Handling HTTP cache is one of the most important aspects when you need to scale a web application. If well used, it can be your best friend; but when badly used, it may be you worst enemy.

I’m not going to explain the basic aspects of caching here, there are already a lot of great material about it. I’m going to bring a specific problem here.

On a previous post, I wrote about Globosat Play architecture. As explained there, it evolved to a microservices architecture, and as such, we ended up making a lot of HTTP requests to our internal services. So we needed to manage those requests very well.

Suppose you access a page like Combate channel home page.
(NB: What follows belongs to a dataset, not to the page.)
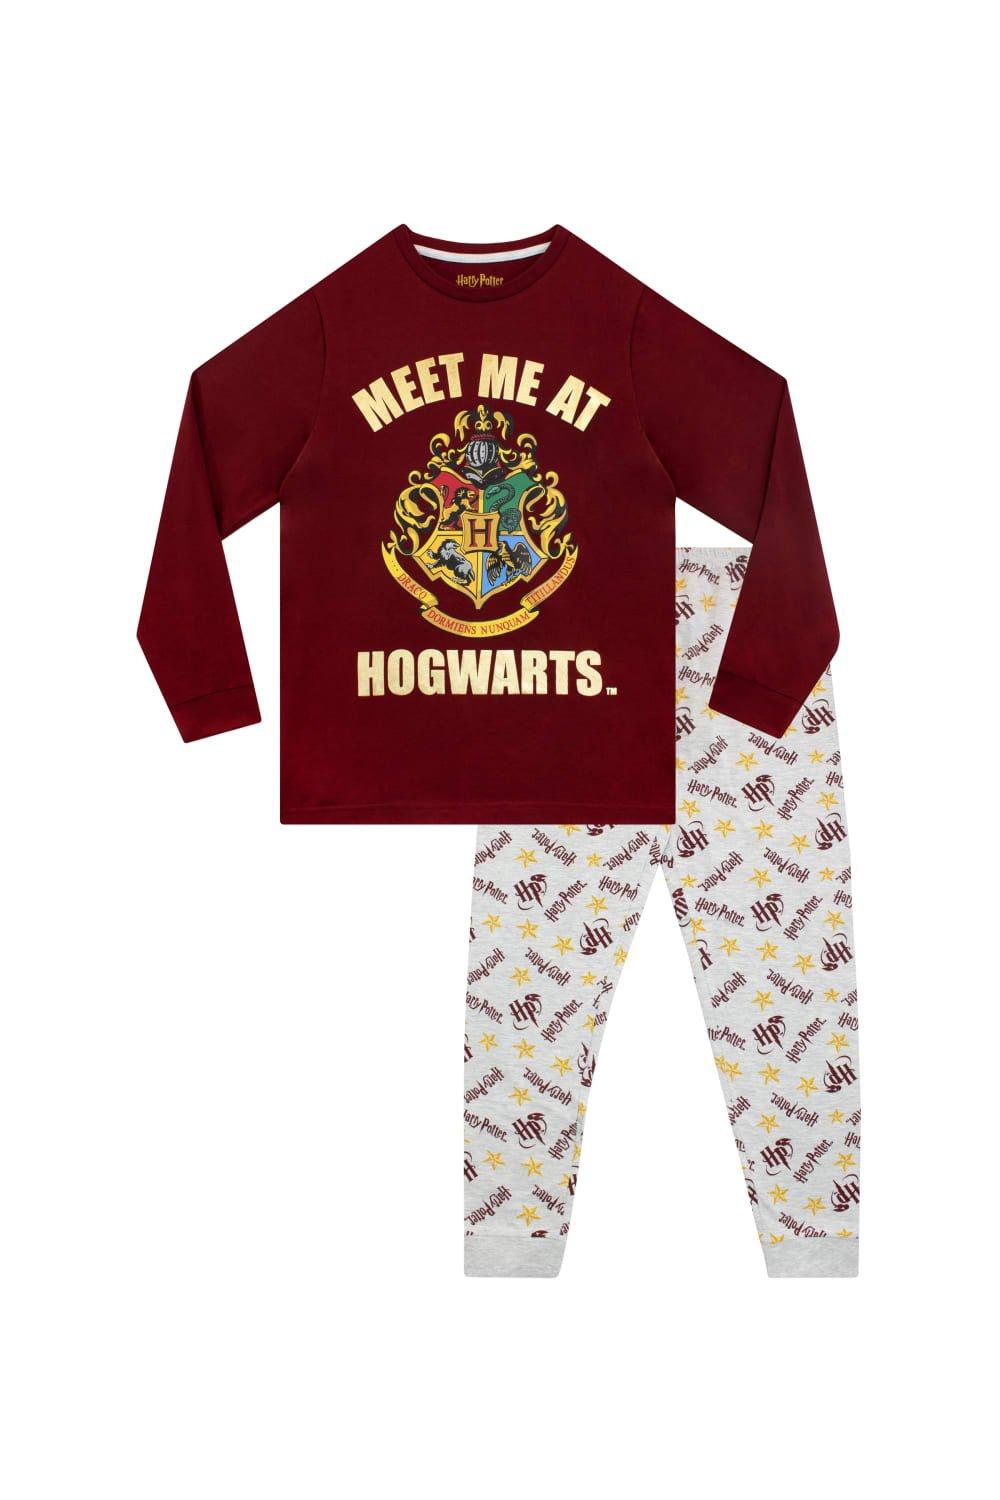 Hogwarts Pyjamas

To fill up every information in that page, we need to query data from:

  • a videos API, to bring up a list of available channels and the latest videos from Combate channel
  • a highlights API, to check the latest highlights selected by an editor
  • an events API, to check a list of previous and next UFC events

That means a user request could be represented by something like this:

Requests without cache
Requests without cache

Now imagine one of these services is unavailable. Or very slow. Or giving un unexpected answer. If we didn’t consider these scenarios, we would end up with a brittle application, susceptible to a lot of issues.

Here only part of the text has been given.